Let $A$ be an invertible, symmetric $n\times n$ matrix and define $F:\mathbb R^n\rightarrow\mathbb R$ by $F(x)=x\cdot Ax$
For $k>0$, how can I show that the set $T_k=\{x\in\mathbb R^n:F(x)=k\}$ is either empty or a submanifold of $\mathbb R^n$?
I know that if $rank(\delta F(x))=1$ for all $x\in T_k$, then $T_k$ is a submanifold of $\mathbb R^n$
$\delta F(x)=(\delta_1 F(x)...\delta_n F(x))$
The rank of $\delta F(x)$ is zero iff all the partial derivatives are zero, why does this imply that $T_k$ is empty?

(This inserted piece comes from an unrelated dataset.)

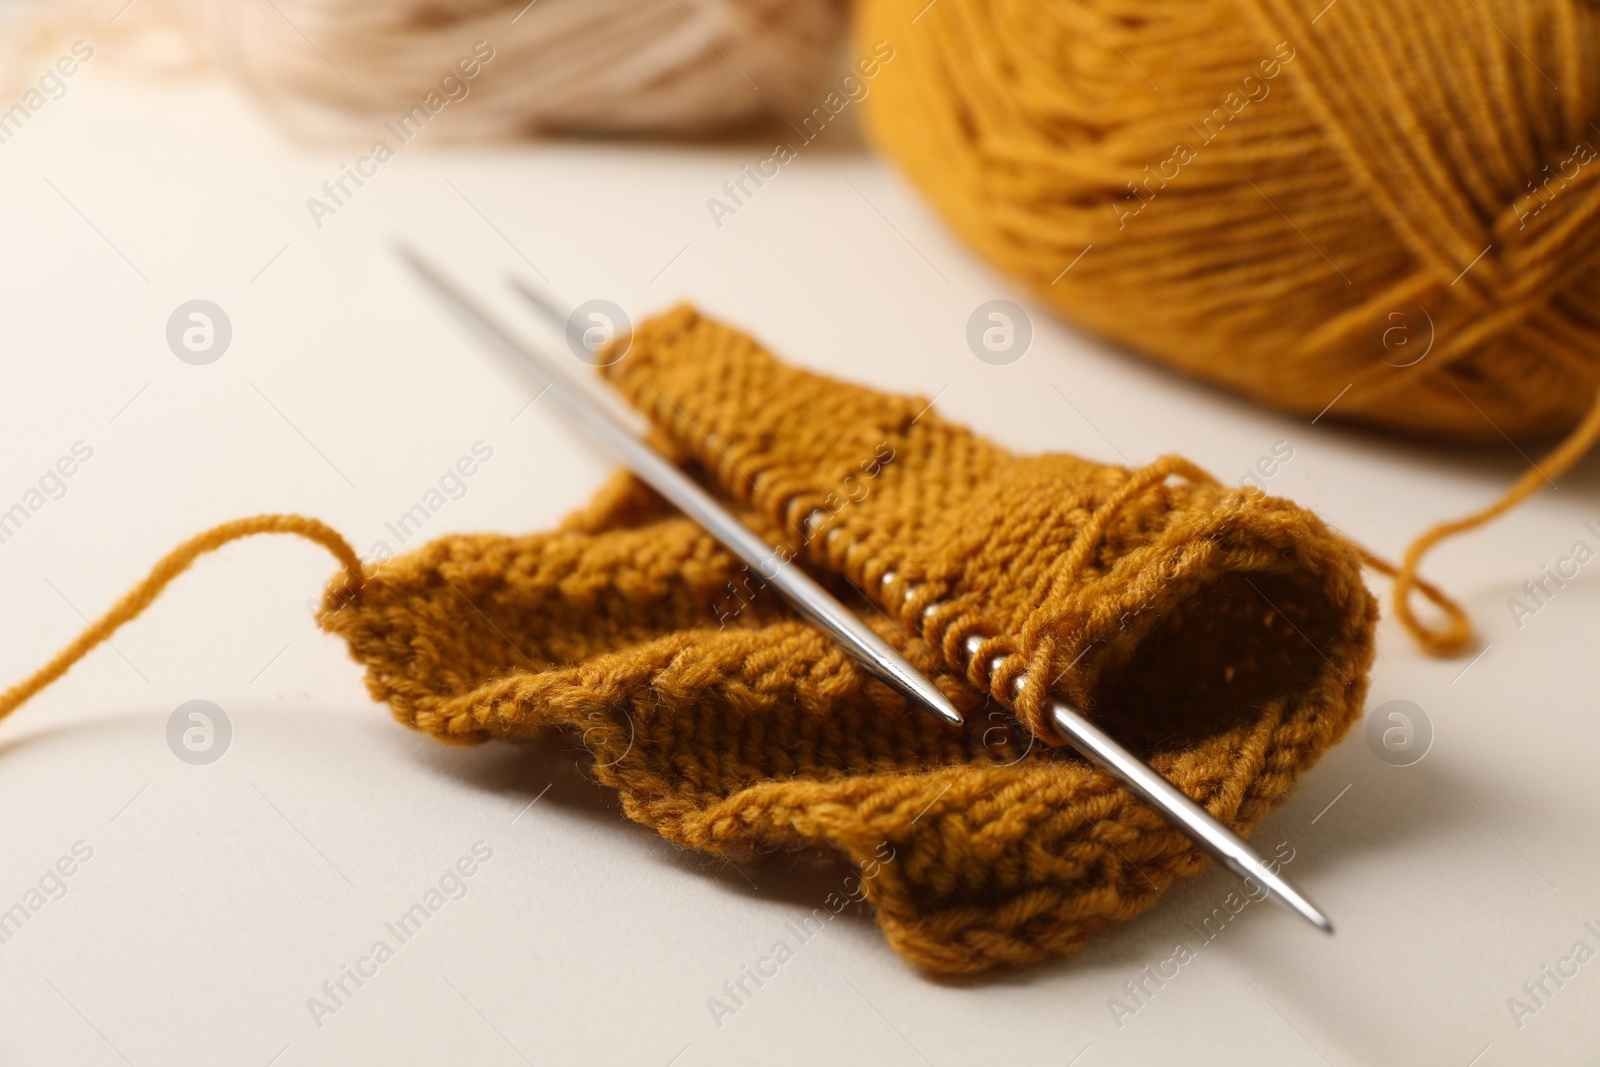 Photo of Soft orange knitting and metal needles on beige background, closeup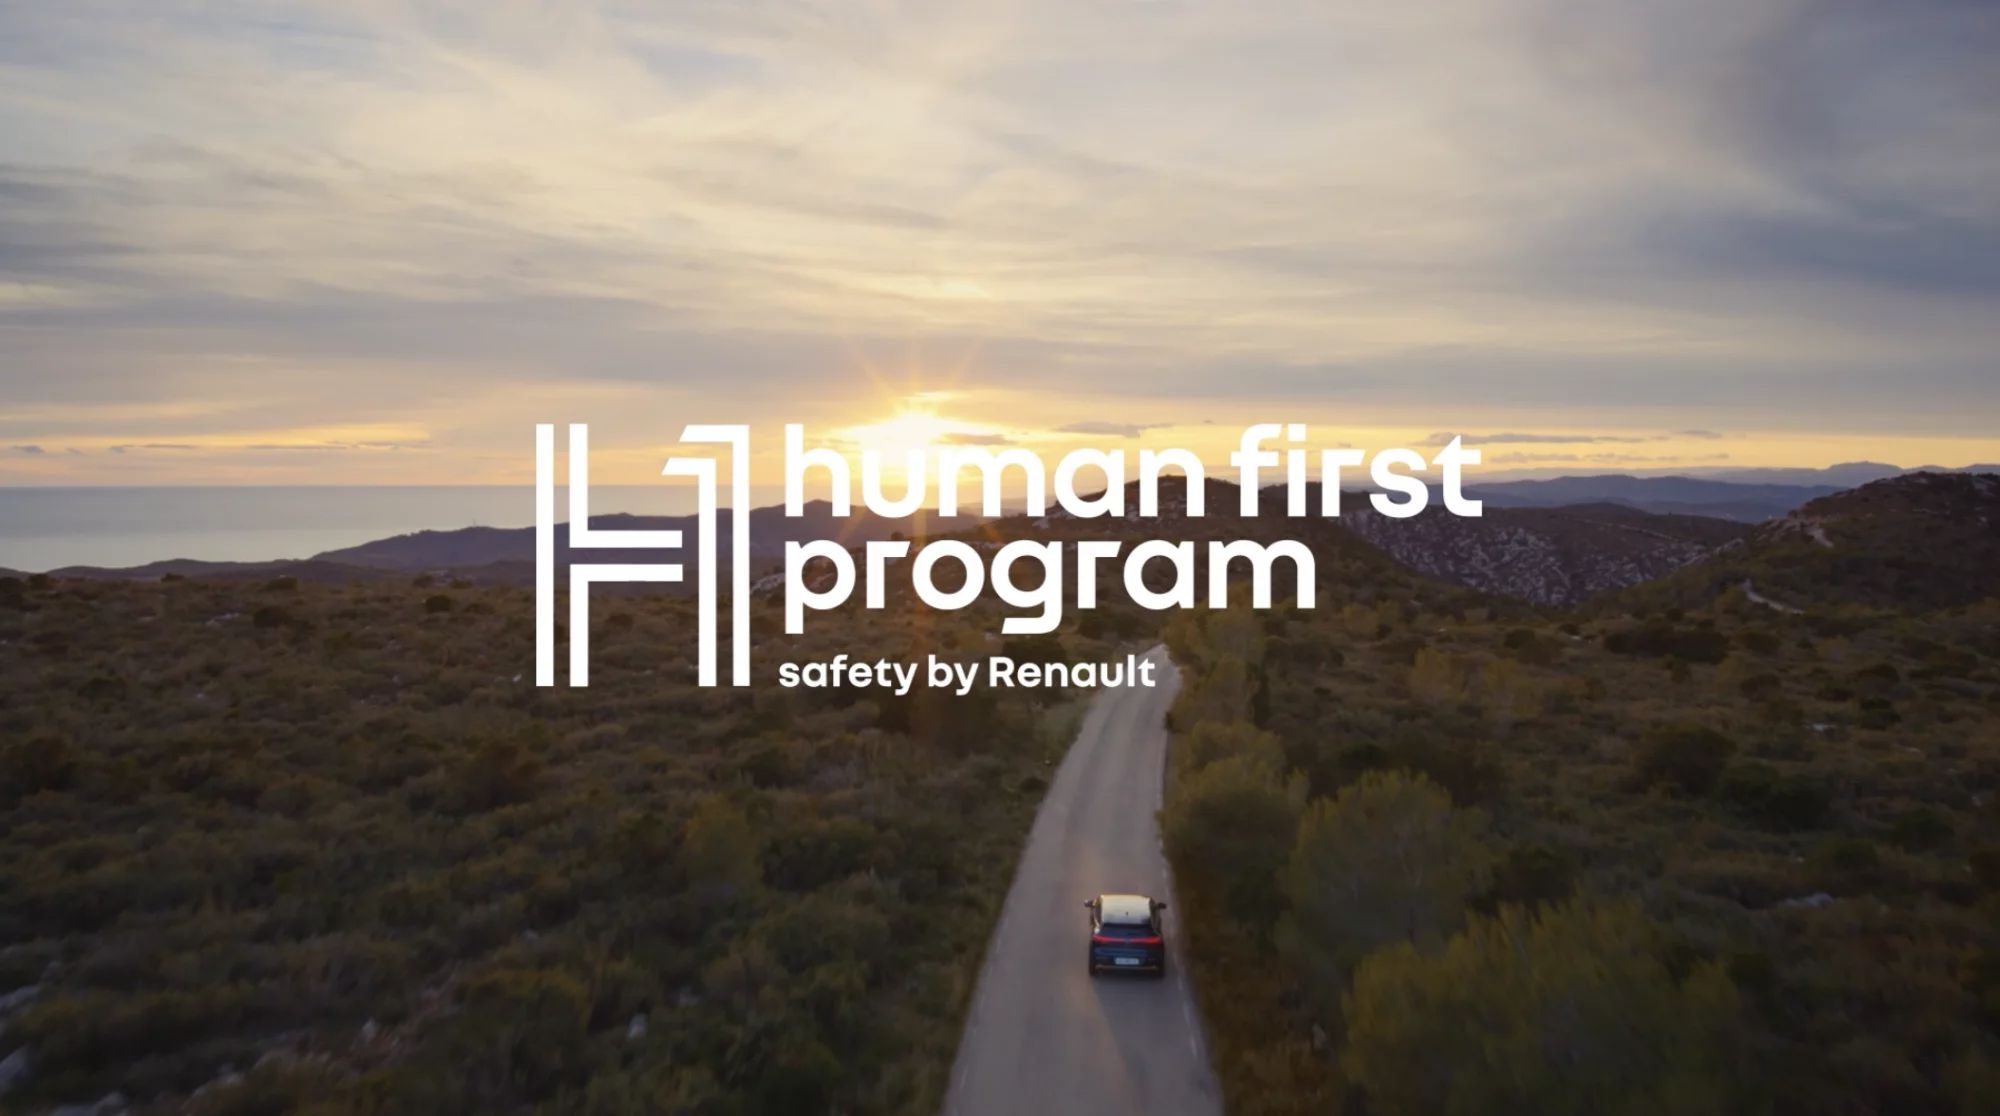 Canzone Pubblicità Renault Human First Program

If $T_{k}$ is not empty, then the rank of the differential $d_{x}F$ is $1$ at all points $x\in T_{k}$. Indeed, for $v\in\mathbb{R}^{n}$, the differential $d_{x}F(v)$ is given by $$ d_{x}F(v)=\left.\frac{d}{dt}\right|_{t=0}F(x+tv)=\left.\frac{d}{dt}\right|_{t=0}(x+tv)\cdot(Ax+tAv)=x\cdot Av+v\cdot Ax $$ In particular, for $v=x$ we have $$ d_{x}F(x)=2x\cdot Ax= 2F(x)=2k\neq 0. $$ So the map $d_{x}F:\mathbb{R}^{n}\rightarrow\mathbb{R}$ is not identically zero, and therefore it has rank $1$.